*SUPPLIED MATERIAL*:

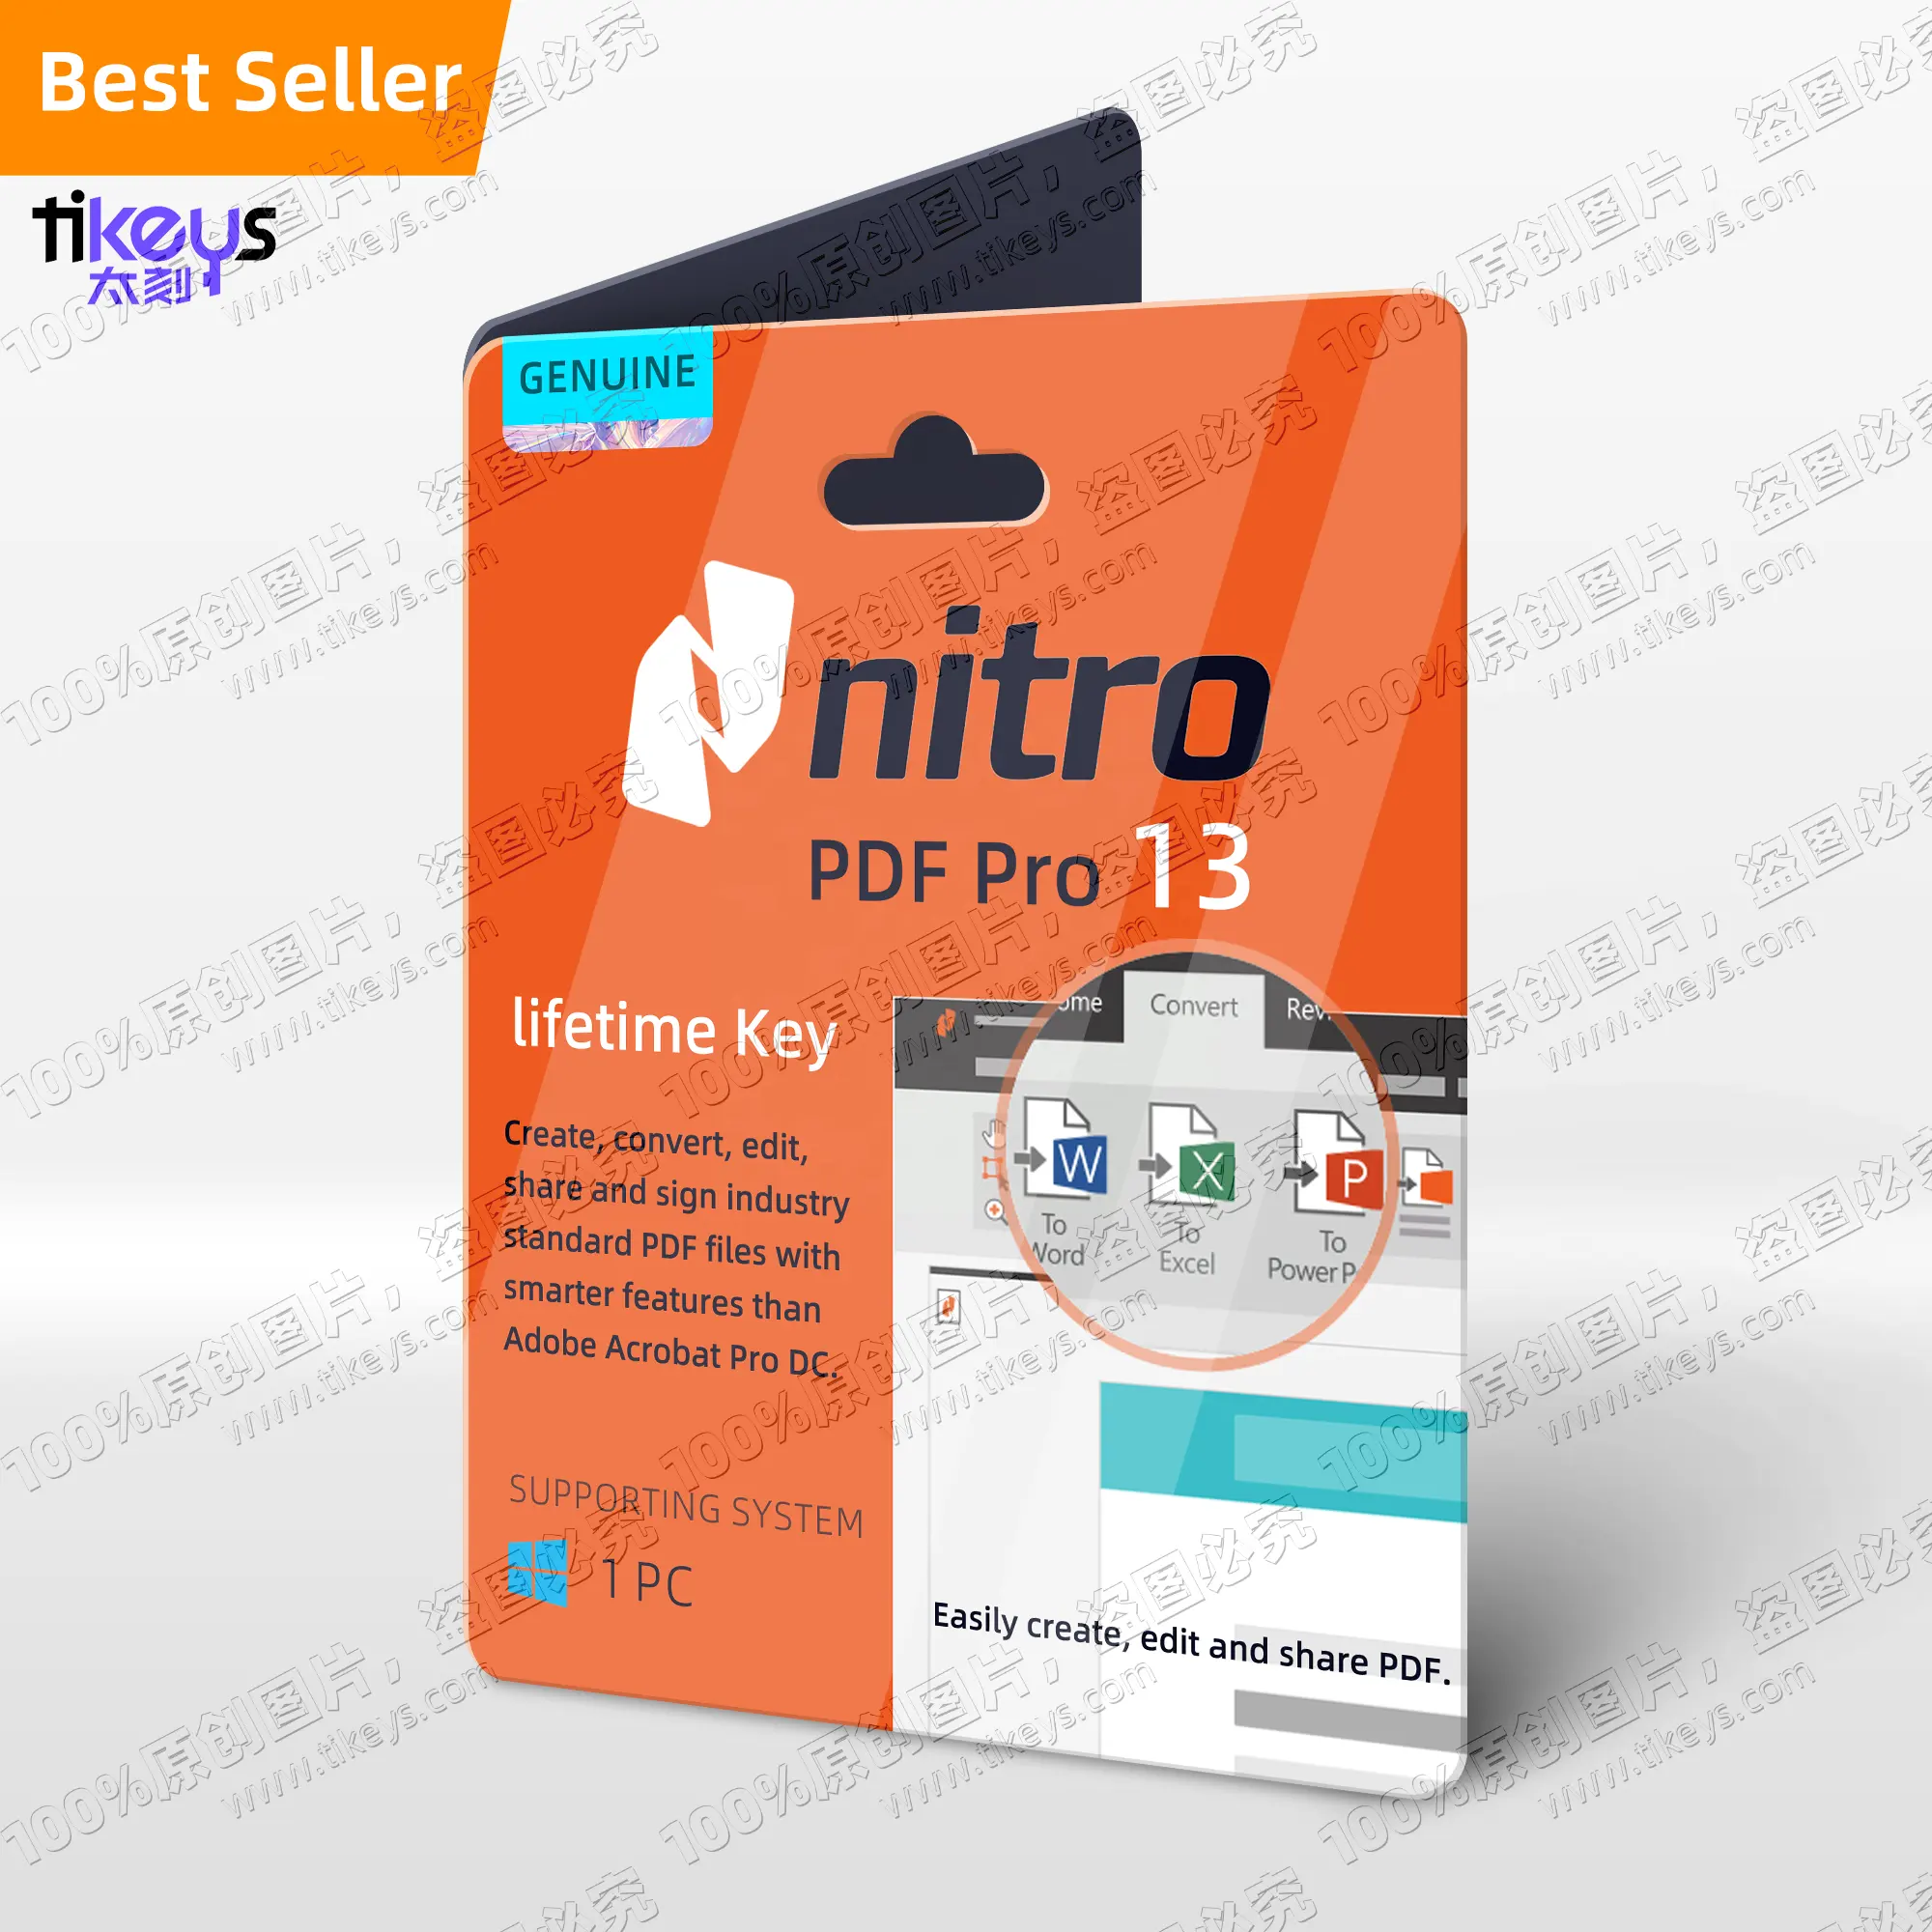 24/7ออนไลน์ Nitro PDF Pro 13อย่างเป็นทางการของแท้ใบอนุญาตของแท้เปิดใช้งานออนไลน์ซอฟต์แวร์แก้ไขตลอดอายุการใช้งาน
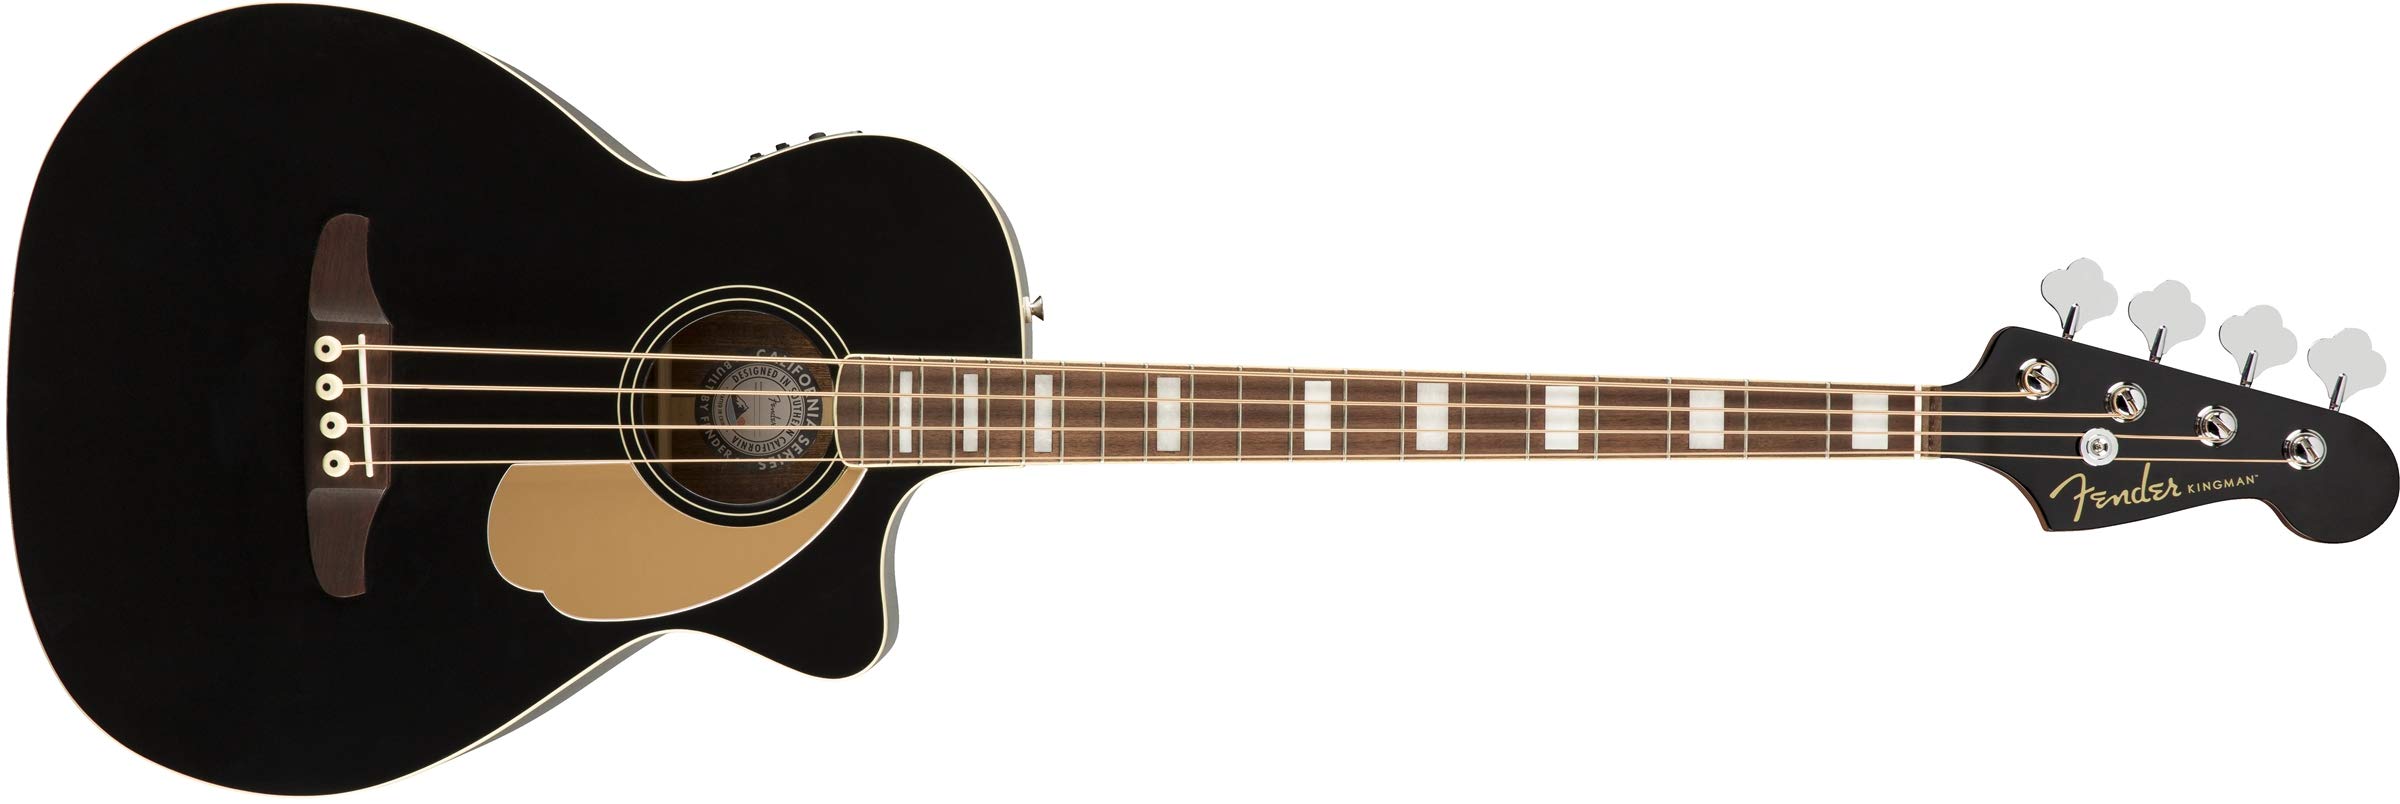 Fender جيتار اكوستيك باس من كينجمان (V2) - أسود - مع حق...
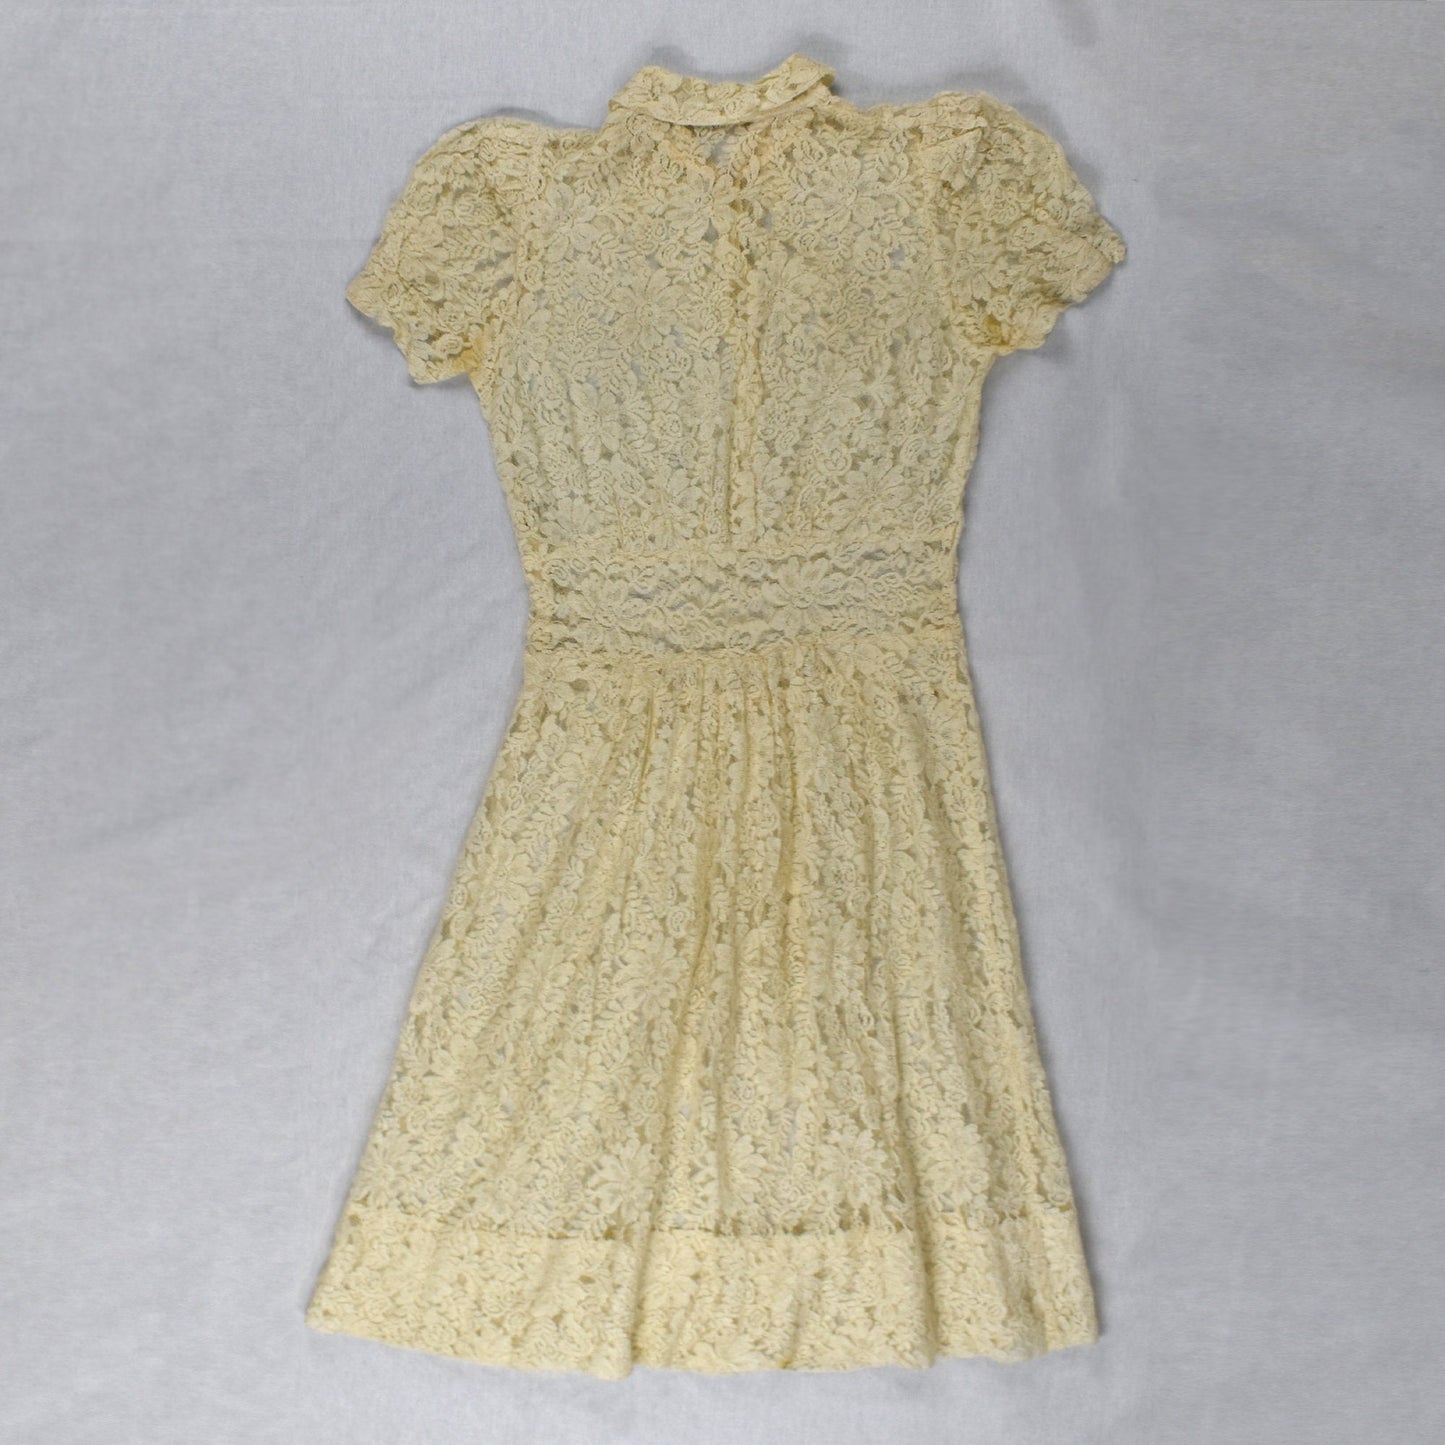 Vintage 1930's/40's Butter Lace Dress

*PROBLEM REQUIREMENTS*:
Word for word, repeat the lines of data above, omitting every picture.

*RESPONSE AREA*:
 24/7ออนไลน์ Nitro PDF Pro 13อย่างเป็นทางการของแท้ใบอนุญาตของแท้เปิดใช้งานออนไลน์ซอฟต์แวร์แก้ไขตลอดอายุการใช้งาน
 Fender جيتار اكوستيك باس من كينجمان (V2) - أسود - مع حق...
 Vintage 1930's/40's Butter Lace Dress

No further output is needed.